Share

Sebuah Hobi Baru

Merasa menang dan berhasil membuat Anya menangis, Lana merayakan hari ini dengan membuat pesta kecil di rumahnya bersama empat temannya itu, termasuk Ardiaz.

Semula, Ardiaz masih mengecek keadaan Anya beberapa kali, gadis itu masih menangis. Namun, entah sejak kapan ia mulai ikut duduk di kursi santai samping Lana, menikmati jus sambil memejam, merasakan momen ketenangan itu.

"Lu udah lama gak main ke sini," ujar Lana. "Emang lu gak kangen apa sama rumah gue? Padahal dulu pas SMP gue udah berasa tinggal sama lu, tiap hari tiap jam lu ada di rumah ini."

"Gak kangen, gue. Lu aja paling yang kangen sama gue," ujar Ardiaz.

Sementara itu Dio, Dimas dan Riki tengah asik bermain game di tepi kolam renang, sambil membiarkan kaki mereka menggelayut di tepian.
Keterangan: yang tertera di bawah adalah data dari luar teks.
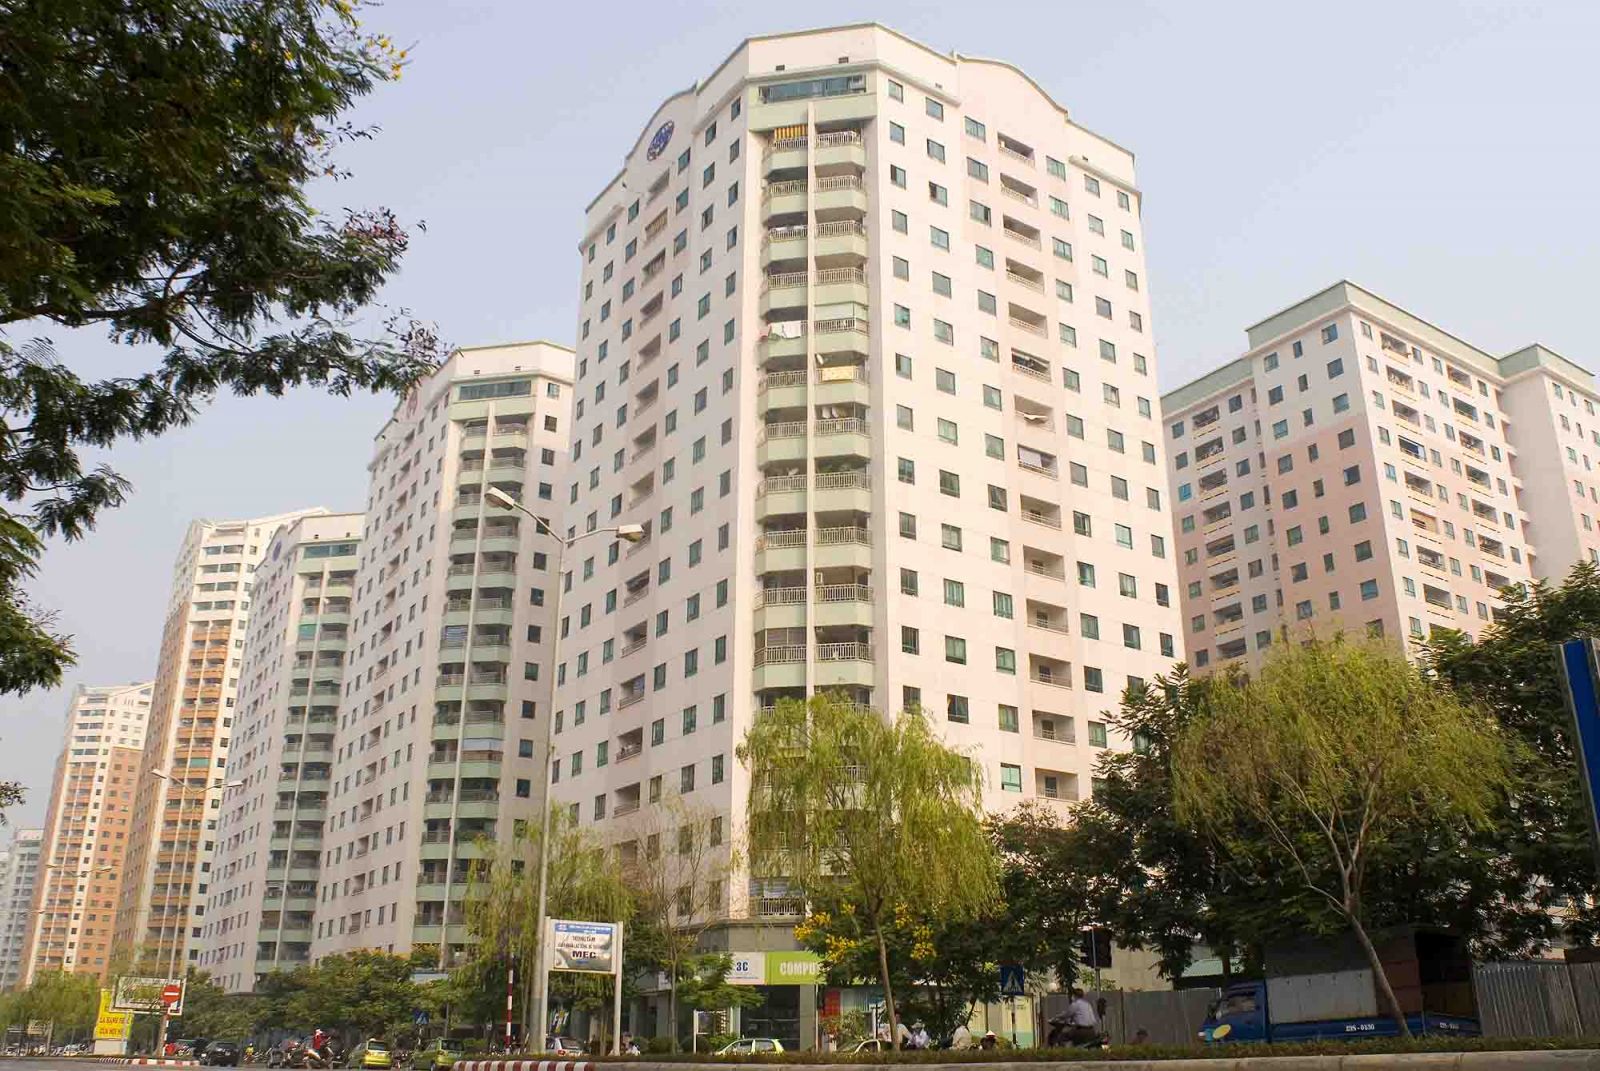 Thị trường chung cư, nhà phố cho thuê tại Hà Nội tăng trưởng ấn tượng

"Heh, Riki main curang!" Dio tak terima melihat Riki tertawa lebar dengan kemenangan game nya. Diantara mereka berempat, Dio memang penggemar berat game online.
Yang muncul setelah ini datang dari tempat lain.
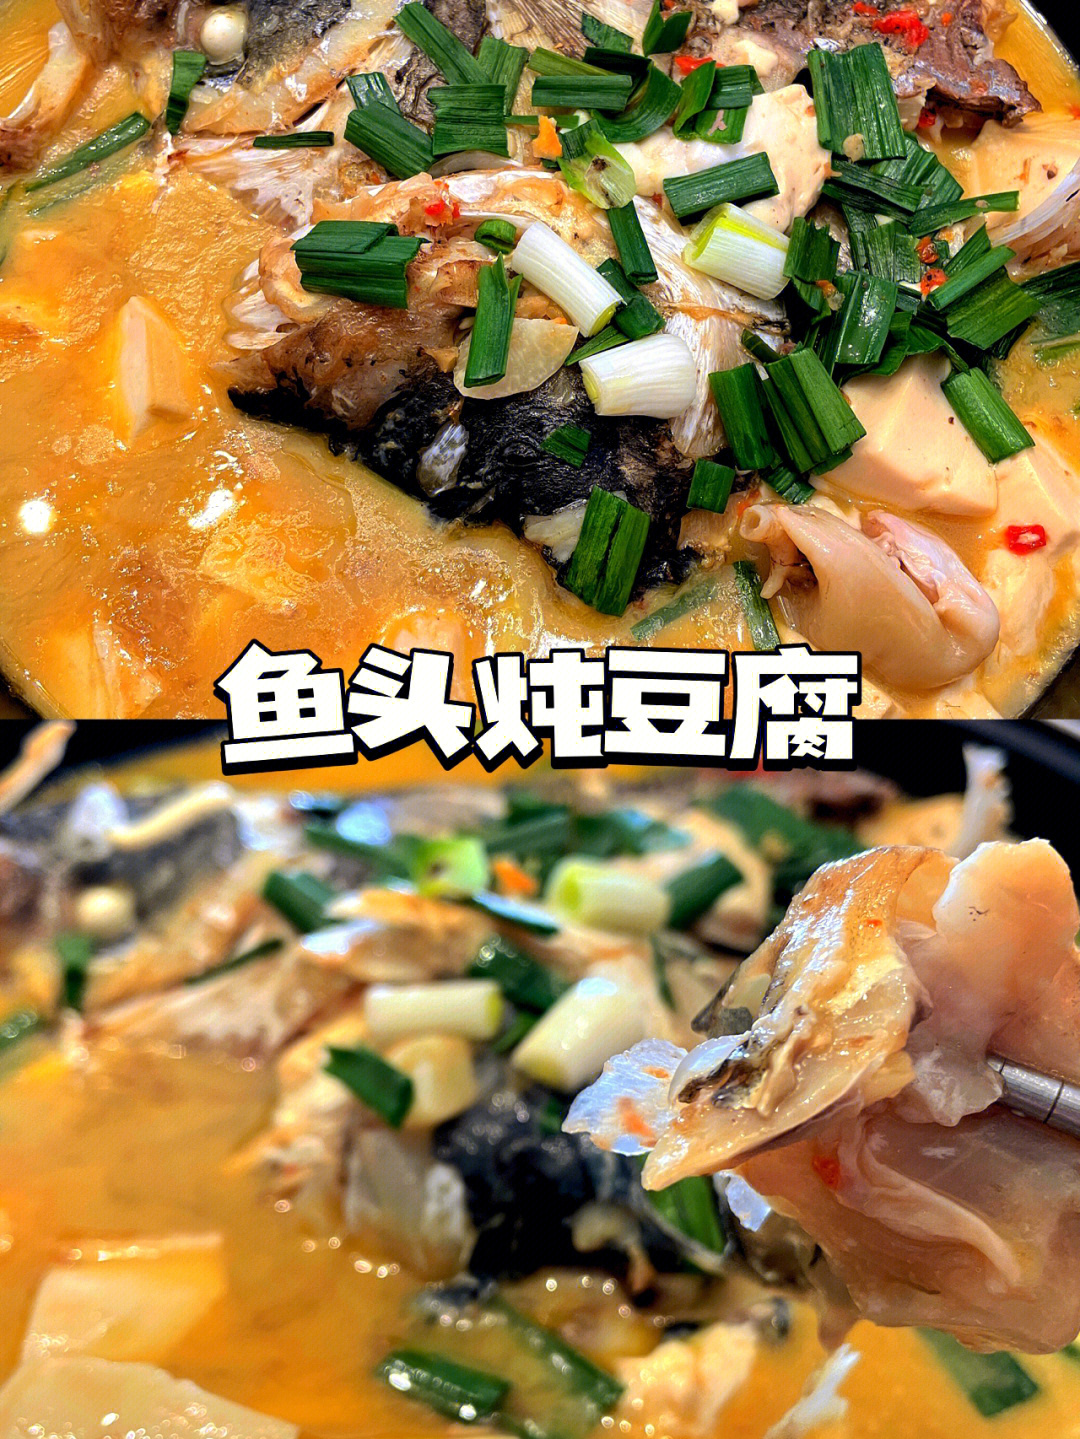 冬天来一锅热腾腾的鱼头豆腐,真的是美味极了食材:胖头鱼鱼头,嫩豆腐

"Apaan, orang gue emang jago kok mainnya." Riki menjulurkan lidah, mengolok-olok temannya yang beranjak kasar, lalu mendorongnya ke kolam.

Secara refleks tangan Riki meraih meja di dekat Ardiaz, menjatuhkan ponsel Dio yang digunakan untuk memantau kamera pengawas gudang sekolah. Seketika suara debur membuat semua menoleh, menatap ponsel yang seketika mati karena tercebur kolam.

"Lan, gimana nih?" Dimas menatap cemas pada Lana, tetapi si pemuda itu justru menutupi wajahnya dengan majalah, bersandar pada kursi santai, mengabaikan.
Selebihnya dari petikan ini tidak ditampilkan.